## Task statement
With the material below, print exactly the lines between the line holding "Williams: Violin Concerto" and the line holding "Installation view of", inclusive. Add nothing else.

## Information shown
Content starts

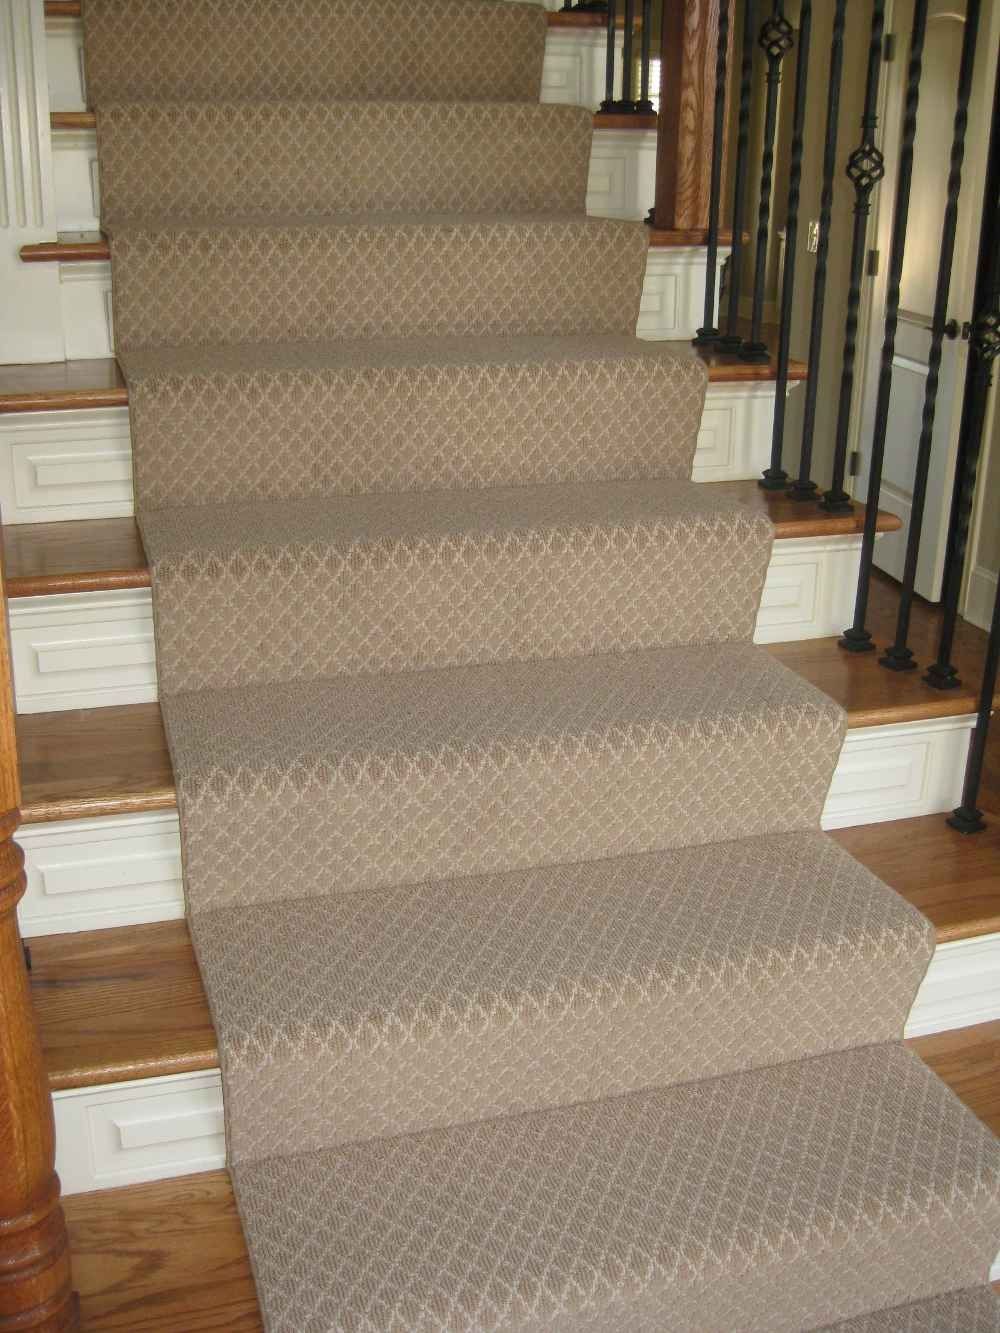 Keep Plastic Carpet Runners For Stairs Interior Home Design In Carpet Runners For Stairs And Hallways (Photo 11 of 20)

Content ends
Content starts

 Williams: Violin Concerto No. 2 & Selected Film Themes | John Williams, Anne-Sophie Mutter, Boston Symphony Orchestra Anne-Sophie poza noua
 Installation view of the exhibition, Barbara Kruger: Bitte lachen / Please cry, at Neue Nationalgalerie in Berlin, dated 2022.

Content ends
Content starts

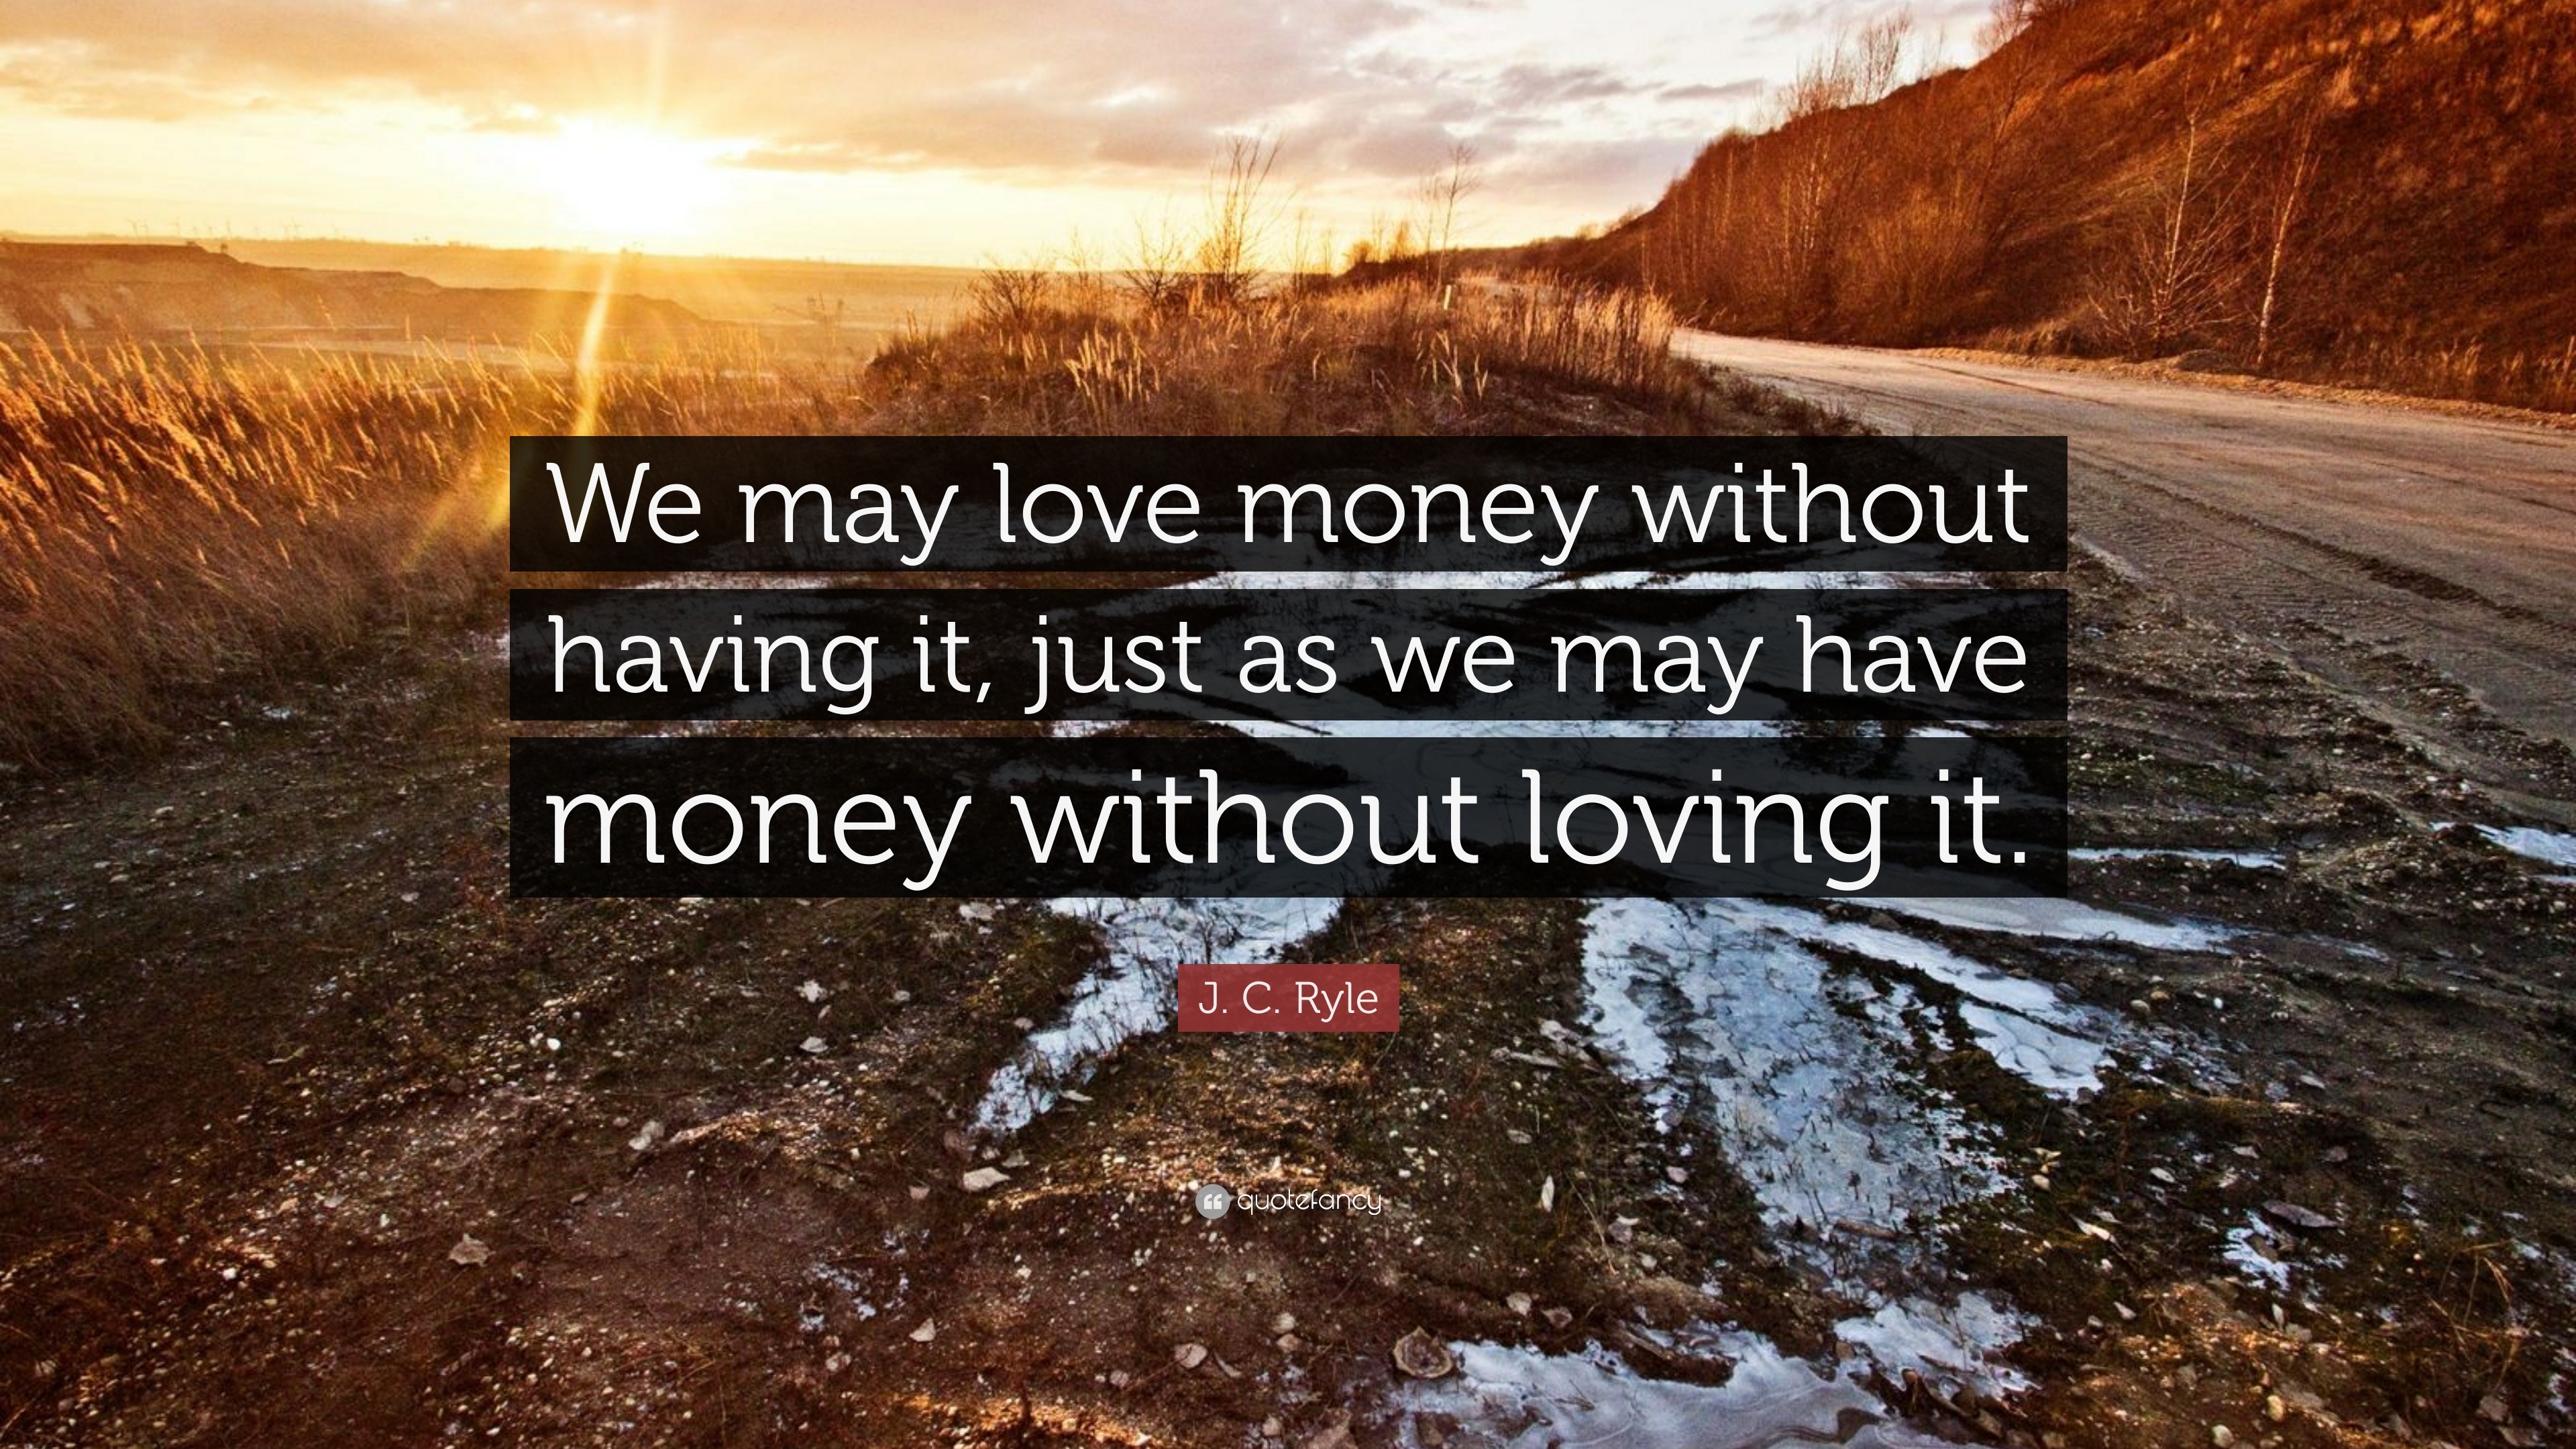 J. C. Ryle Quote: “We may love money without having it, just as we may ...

Content ends

## Result of this exercise
 Williams: Violin Concerto No. 2 & Selected Film Themes | John Williams, Anne-Sophie Mutter, Boston Symphony Orchestra Anne-Sophie poza noua
 Installation view of the exhibition, Barbara Kruger: Bitte lachen / Please cry, at Neue Nationalgalerie in Berlin, dated 2022.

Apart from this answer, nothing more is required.